I wanted to see the Van Gogh exhibition at the National Gallery before it closed September 3. Some of you may have seen it earlier this year in Philadelphia . . . it's a "joint" US /Canadian project which focuses on work from the last four years of Van Gogh's life, with lots of "close up" details from nature and lots of landscape vistas too . . . . There were early photographs and Japanese prints also exhibited, to show a couple of the influence on this period of his work. I had not realized that the texturing effect of his brush strokes evokes the wrinkled paper of the Japanese print "crepon" technique. The gallery (one of Moshe Safdie's best architectural works) was crowded, even with our reserved tickets. But the crowds did not prevent me from seeing and absorbing images that were new to me and which will stay in my mind: a field of wheat, a field of lavender, a vase of poppies, a branch of almond blossom against an intensely blue background, a couple walking through dense undergrowth in a light dappled forest.

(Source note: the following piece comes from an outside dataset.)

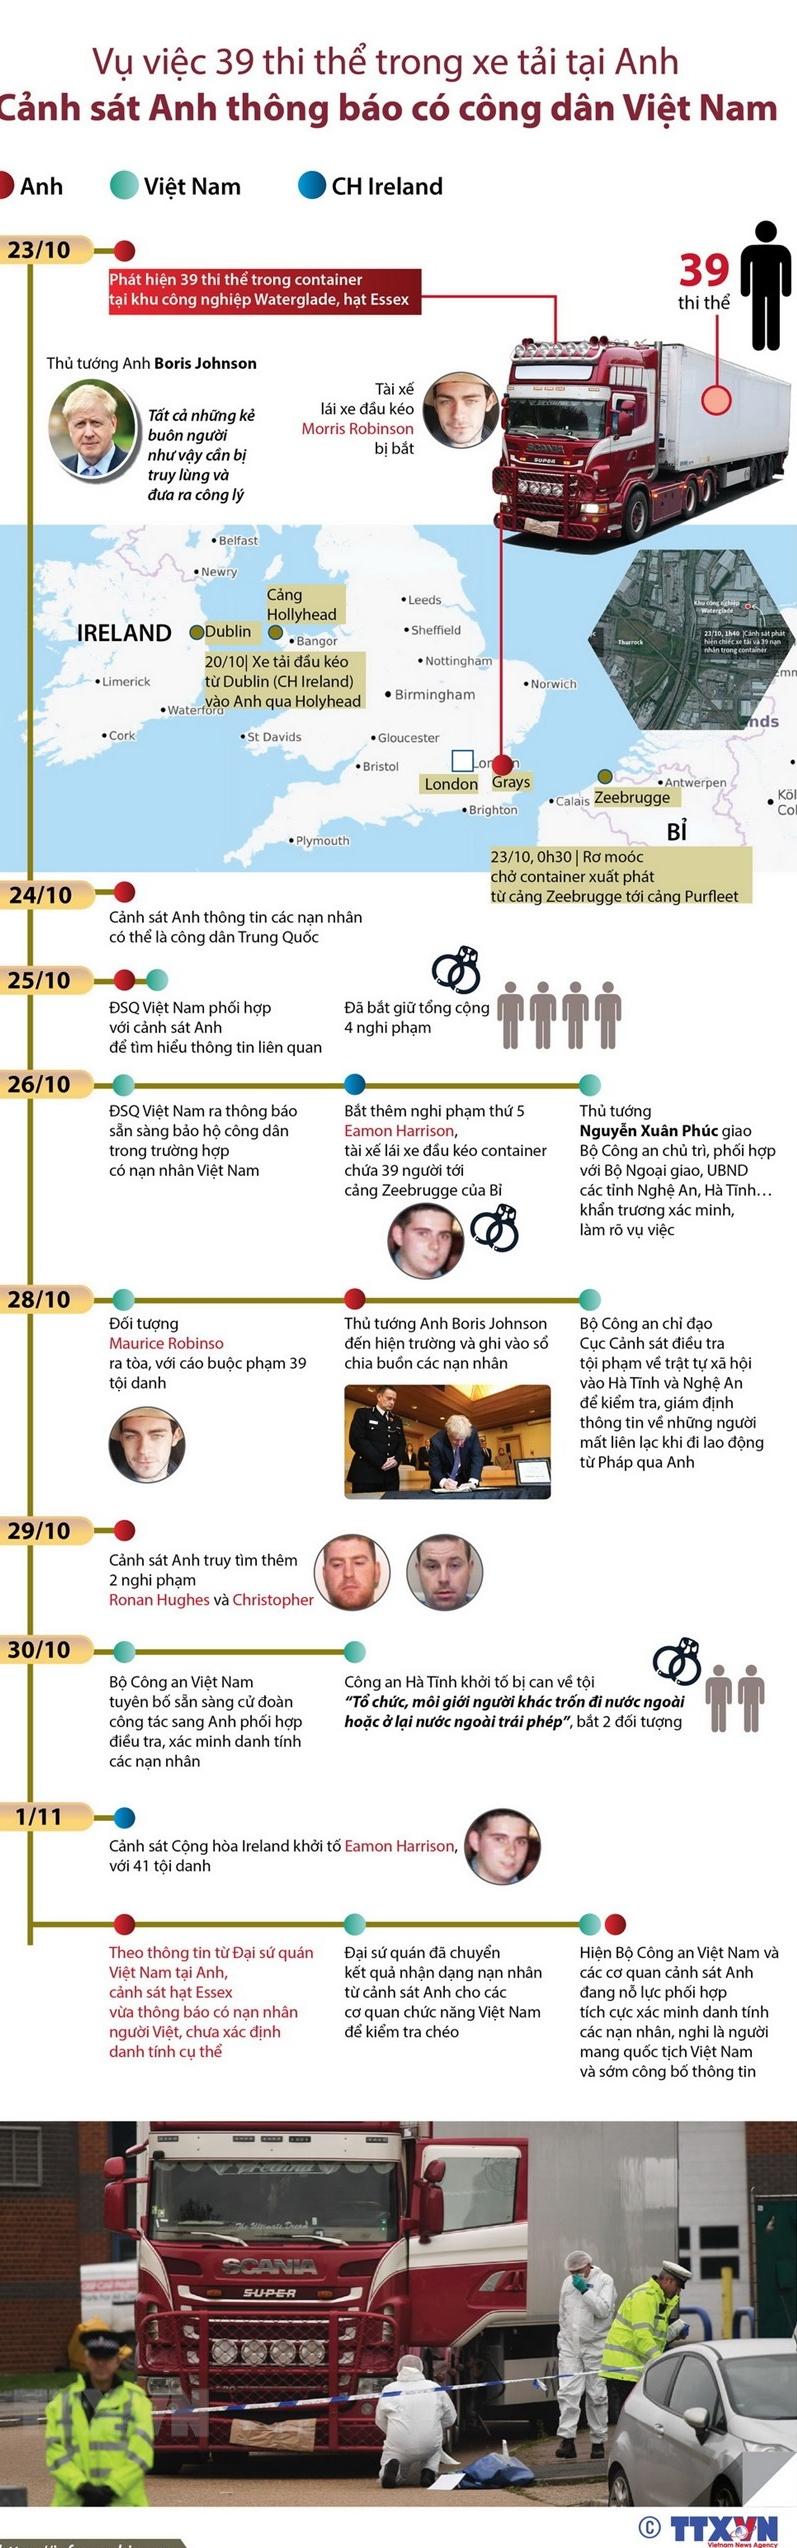 infographics toan canh vu 39 thi the trong xe tai o anh

We also attended an open air theatre production under a starry sky in a park adjacent to the Rideau River . . . a glorious Marivaux 18th century French farce, comedia del arte style with highly expressive masks, Offenbach music. It was superbly performed, very silly and light-hearted: perfect for a summer night.
Other than that: walking, talking, reading, paying our respects at some dear friends' burial places in Beechwood Cemetery, a drive into the Gatineaus, some nice meals, a few glasses of wine, a very comfortable hotel: good times. Ottawa is a beautiful, human-scaled city where English and French are spoken everywhere, decked out for the summer with provincial floral banners and imaginatively planted flower beds in all the parks. It's our capital city, with its Gothic Parliament buildings and Art Deco Supreme Court, and it always makes me proud to be Canadian!
We shared the drive back, taking turns so each of us could snooze a little . . . I've filled the fridge again, caught up with the laundry, and feel ready to face the week!